Cornelia blickte überrascht auf.

»Woher weißt du das, Sylvia?«

Die Sklavin lächelte.

»Man sieht es Euch an! Jedesmal, wenn Ihr mit den Gedanken bei Eurem Geliebten seid, verändert sich Euer Gesicht und strahlt beinahe heller als die Sonne!«

Cornelia errötete vor Verlegenheit.

»Ich wußte nicht, daß ich so leicht zu durchschauen bin. Aber ich liebe ihn, wie ich noch nie zuvor einen Menschen geliebt habe.« Sie senkte den Blick, und ihre Stimme wurde leise. »Ich hebe ihn so sehr, daß ich manchmal Angst bekomme.«

»Macht Euch keine Gedanken!« Die Dienerin legte ihr eine Hand auf den Arm. »Er erwidert Eure Gefühle aufrichtig. Deshalb spielt es keine Rolle, daß er ein Kelte ist und Ihr Römerin seid!«

Cornelia lächelte ihre Sklavin an.

»Selbst wenn ich sie nicht ausspreche, kennst du meine Gedanken.«

In diesem Moment klopfte jemand laut und ungeduldig an die Haustür. Ein Sklave öffnete, und kurz darauf erfüllte die herrische Stimme einer Frau das Haus. Cornelia fühlte sich, als ob der Boden unter ihren Füßen wankte. Natürlich hatte ihr Marcus Brennius alles über das Selbstgespräch von Gaius erzählt, das er mit angehört hatte. Doch sie hatte in den letzten Tagen weder an den dunkelhaarigen Offizier noch an den Brief gedacht, den er hatte schreiben wollen.

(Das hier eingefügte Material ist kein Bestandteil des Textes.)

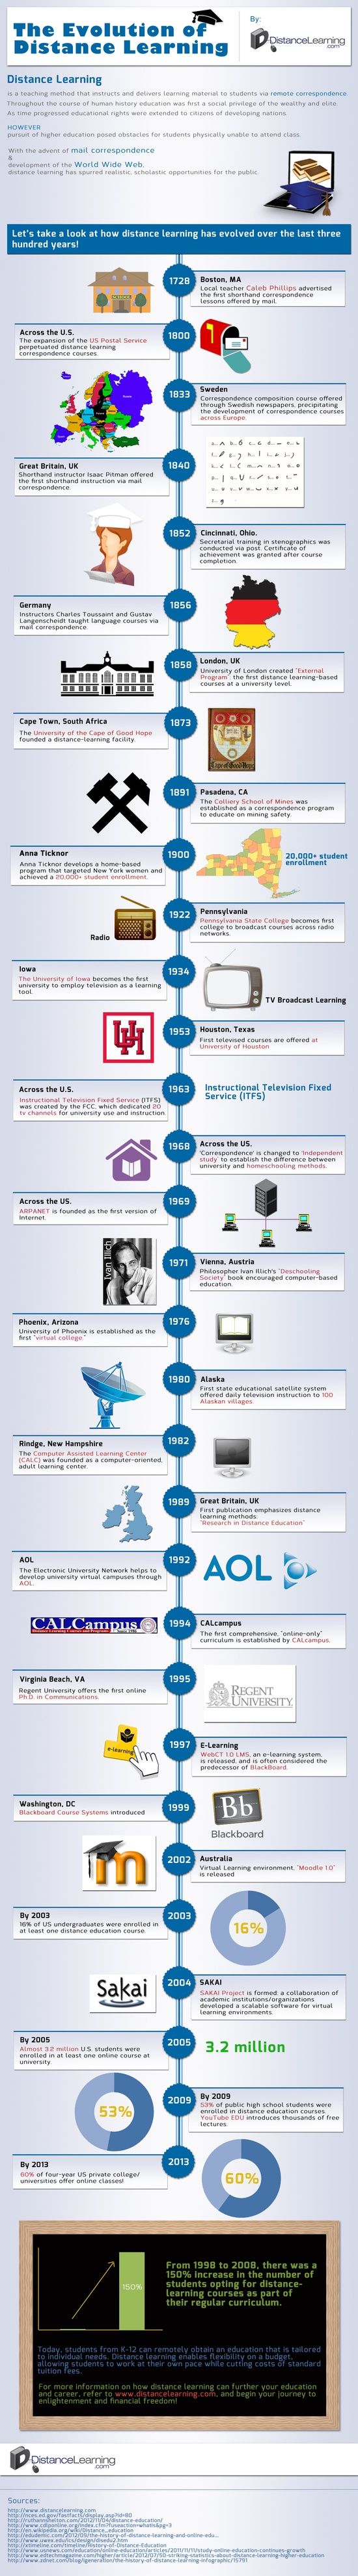 Educational infographic : distance learning evolution ...

»Bei den Göttern, meine Mutter ist aus Aquae Sulis zurückgekehrt!«

»Aber weshalb, Herrin? Sie wollte doch erst im August wiederkommen!« Die Sklavin wirkte ebenso entsetzt wie Cornelia.

»Darauf gibt es nur eine Antwort: Gaius hat ihr geschrieben!« Allmählich wich Cornelias Schrecken dem Zorn. Wie konnte er es wagen, sich in ihre Angelegenheiten einzumischen? »Komm, Sylvia, wir müssen meine Mutter begrüßen!«

Sie erhoben sich rasch und eilten in die Halle.

Octavia Julia war in jeder Hinsicht eine außergewöhnliche Frau. Sie war schlank und für eine Römerin ungewöhnlich groß. Ihre scharfe Nase, das energische Kinn und ihre strengen, braunen Augen zeugten von ihrem starken Willen. Obwohl sie keine Schönheit war, blickten ihr auf der Straße Männer und Frauen nach; die einen bewundernd, die anderen voller Neid.

Denn Octavia Julia verwendete viel Zeit und Geld für die Pflege ihres Körpers und war stets bemüht, auch in Eburacum die neueste römische Mode zu tragen.

»Die Truhen kommen ins Schlafgemach!«

»Willkommen zu Hause, Mutter!« Cornelia bemühte sich, ihren Ärger zu verbergen und erfreut zu erscheinen. »Wir haben dich nicht vor August zurückerwartet. Es ist doch hoffentlich nichts geschehen?«

»Ich hatte ...« Das Geräusch einer fallenden Kiste ließ Octavia wütend herumfahren. »Kannst du nicht aufpassen, du vertrottelter, alter Narr? Sieh nur, was du angerichtet hast!«

Eilig sammelte der alte Sklave die Kleidungsstücke wieder ein, die aus der Truhe gefallen waren.

»Sorge dafür, daß er zwanzig Peitschenhiebe erhält!« befahl Octavia einem anderen Diener und glättete vorsichtig ihre kunstvolle Frisur. Nur der aufmerksame Beobachter erkannte, daß ihr schwarzes Haar gefärbt war, um graue Strähnen zu überdecken. Dann wandte sie sich wieder ihrer Tochter zu. »Ich träumte, daß dir etwas zugestoßen ist. Ich war deshalb so beunruhigt, daß ich mich sofort zur Rückkehr entschloß!«

»Das war nicht nötig, Mutter. Es ist nichts geschehen!«

»Wirklich, Cornelia?« Octavia hob eine ihrer sorgfältig gezupften Augenbrauen.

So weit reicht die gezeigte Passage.